I wish I could win the lottery WM Id go around the world seeing all the shows. You have a big advantage in the states having so many perserved aircraft,ships ect I envy you guys.


----------



## the lancaster kicks ass (Jun 5, 2005)

yeah over here airshows are rare outside of the south east.........


----------



## Nonskimmer (Jun 5, 2005)

Here the WWII flyers never seem to come east of Ontario, except for maybe one or two at a time.


----------



## evangilder (Jun 5, 2005)

The only problem here is that because of the size of this country, there are events that are too far away to attend. I wish I could visit Osh Kosh every year for the EAA fly-in, but that's a good 4 hour commercial flight from here.

I agree with you Trackend, if I could be independantly wealthy, I could go to lots of shows and see lots of classic birds.


----------



## Nonskimmer (Jun 5, 2005)

evangilder said:


> The only problem here is that because of the size of this country, there are events that are too far away to attend.


I know the feeling.  
Osh Kosh is another event I've yet to see. The shows were always impressive years ago, I know that. Friends of mine have been to see it, but not poor ol' me.


----------



## evangilder (Jun 5, 2005)

I only got to go to OshKosh in 1982 and 1983 because I lived about an hour and a half away at the time. It is a good show, although I have no idea how it is now, 20 years later. The show I still have yet to get to is the main CAF AirSho in Midland Texas. I am thinking in a few more years when my son is older and will remember it.


----------



## wmaxt (Jun 5, 2005)

evangilder said:


> I only got to go to OshKosh in 1982 and 1983 because I lived about an hour and a half away at the time. It is a good show, although I have no idea how it is now, 20 years later. The show I still have yet to get to is the main CAF AirSho in Midland Texas. I am thinking in a few more years when my son is older and will remember it.

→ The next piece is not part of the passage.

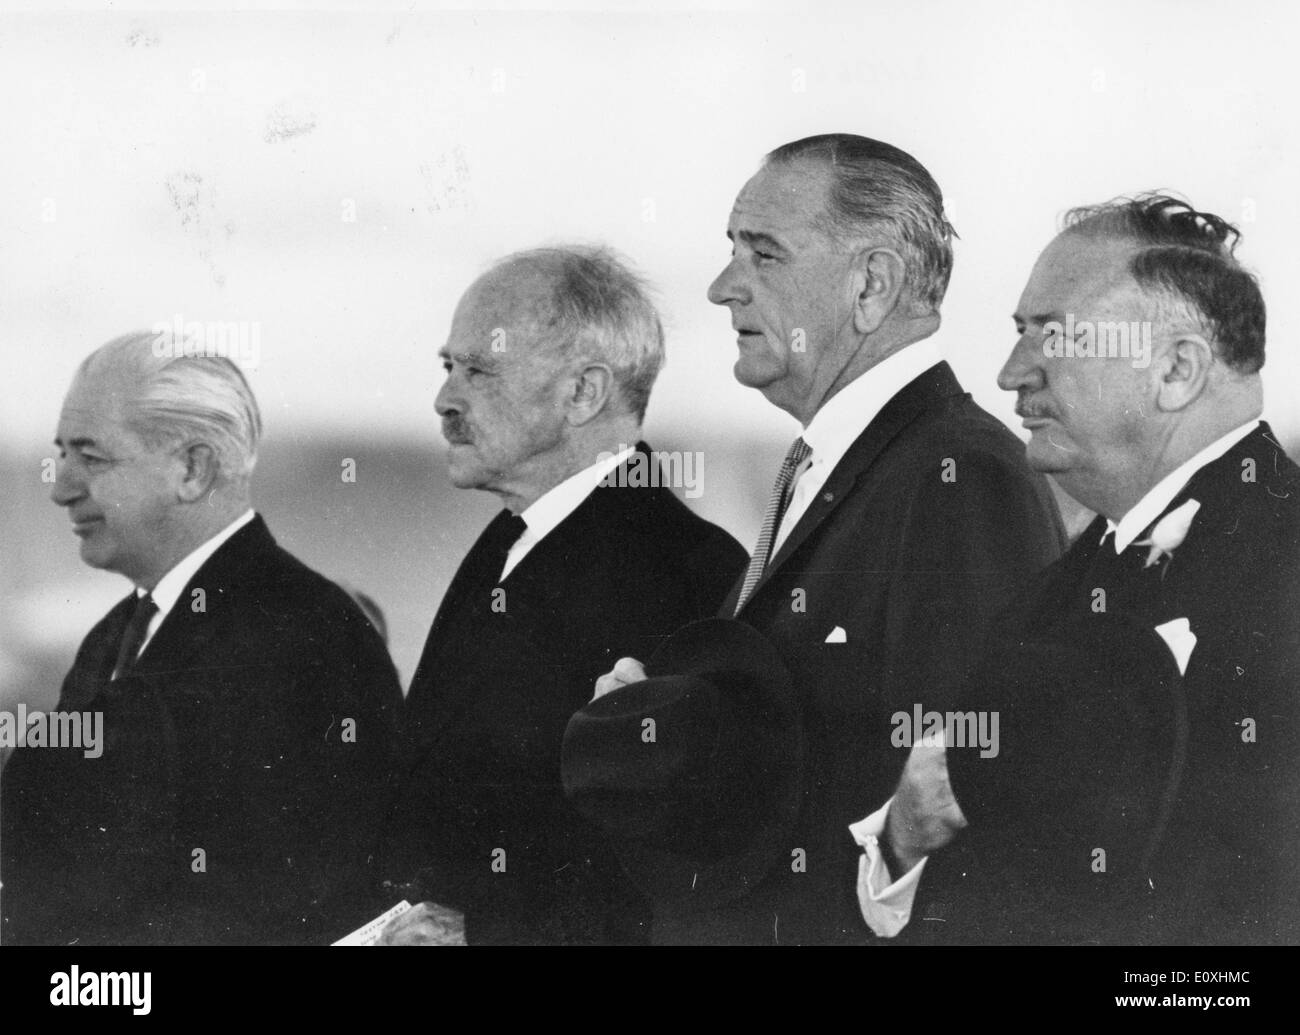 25 octobre 1966 - Canberra, District de Columbia, de l'Australie - Lyndon Baines Johnson (Août 27, 1908 - janvier 22, 1973) souvent appelée LBJ, était le 36e président des États-Unis (1963-1969) après son service comme la 37e Vice-président des États-Unis (1961-1963). Sur la photo : avec Austraiian PM HOLT. Banque D'Images

I was at OshKosh in 97 it is still incredable acres of aircraft and your able to go up to them not just look from afar.

Thanks for the time correction from Indy to Wright Pat I drove it a couple of times but didn't note the time. The last one was the tail end of a trip to California and seemed 6 hours long!

wmaxt


----------



## evangilder (Jun 5, 2005)

No problem, I know what you mean though. It's a couple of hours, but their is not much scenery, so it seems longer. I remember because we lived in Kettering and my grandmother lived in Indianapolis. We used to visit my grandparents pretty often.


----------